Jil Sander’s spring-summer 2025 campaign arrives like a lucid dream filtered through sodium streetlamps and vaporwave noir. Photographed by Mario Sorrenti and art directed by Heiko Keinath, the advertisement takes root in Vancouver, Canada—a city whose emptiness and neon-hued edges evoke a cinematic twilight.
That atmosphere is no accident.
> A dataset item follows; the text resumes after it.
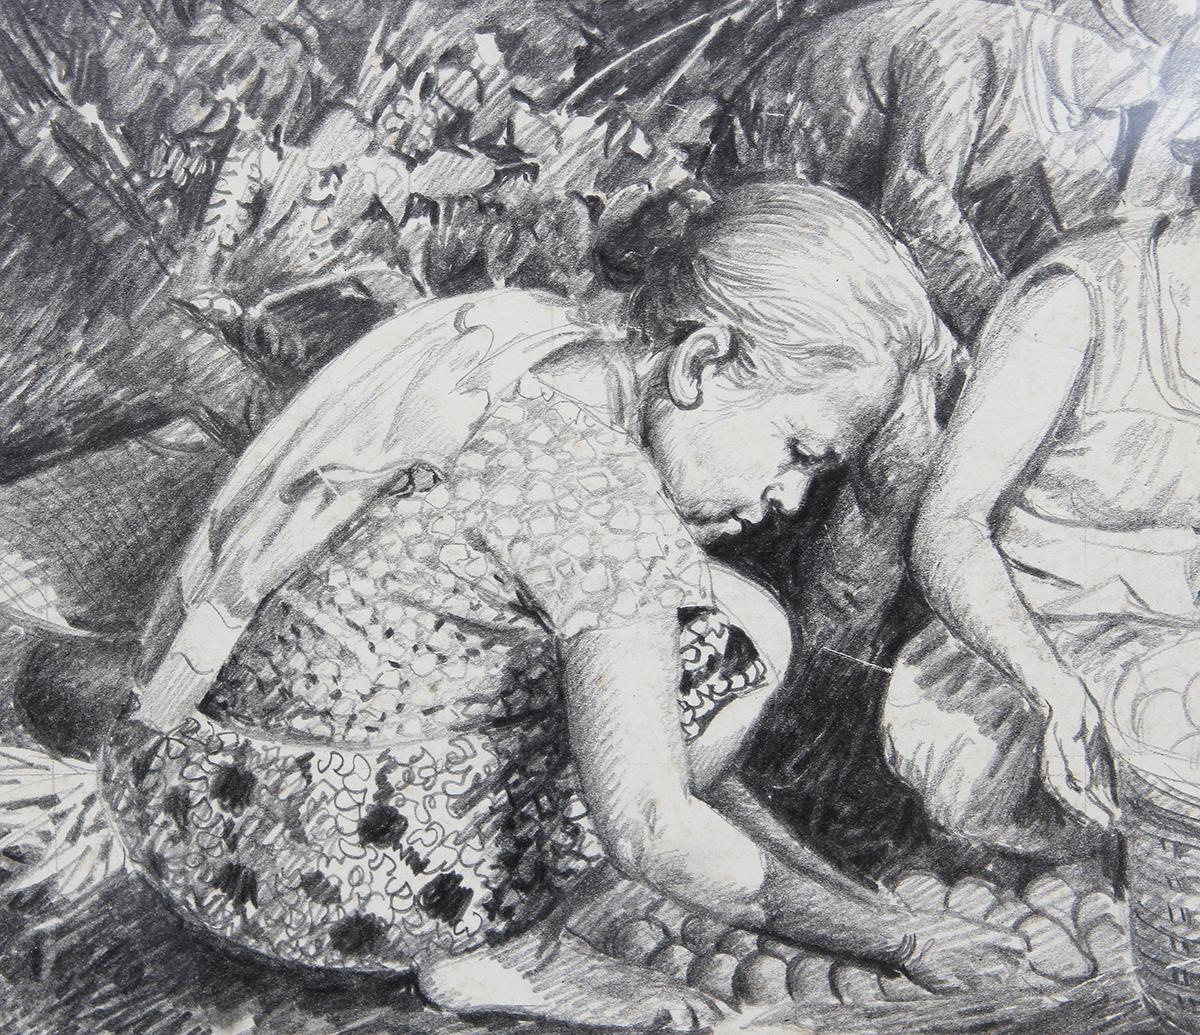 Pastoral pencil on paper sketch by a celebrated Filipino artist, Jose V. Blanco. The drawing depicts Filipino women and children sorting out mangoes in woven baskets. This depicts the simple way of life in rural areas in the Philippines where most

It mirrors the Meiers’ runway vision: a melancholic blend of futurism and western cues, in part inspired by the haunting eye of photographer Greg Girard.
Jil Sander Spring/Summer 2025 Campaign

Model Igor Vojinovic becomes the lone wanderer in this urban moodscape—his sharp tailoring and snakeskin boots evoking the silhouette-heavy glamour of the late ’70s.

One moment he’s standing against a blood-red wall like a lost character from a Michael Mann film, in another, he’s crouched indoors in a short suit and python boots, radiating a tension that’s both glam and ghostly.

The palette feels soaked in dusk: acid lime, oil-slick black, and a muted tapestry of floral prints that wouldn’t feel out of place on motel upholstery. These are clothes designed not to shine in daylight, but to smolder under streetlamps, on back alleys, and against chain-link fences.

In a season where many look toward sunshine, Jil Sander chooses shadow. It doesn’t chase optimism, but reflects on where fashion finds itself now—moody, hyperaware, and beautifully unresolved.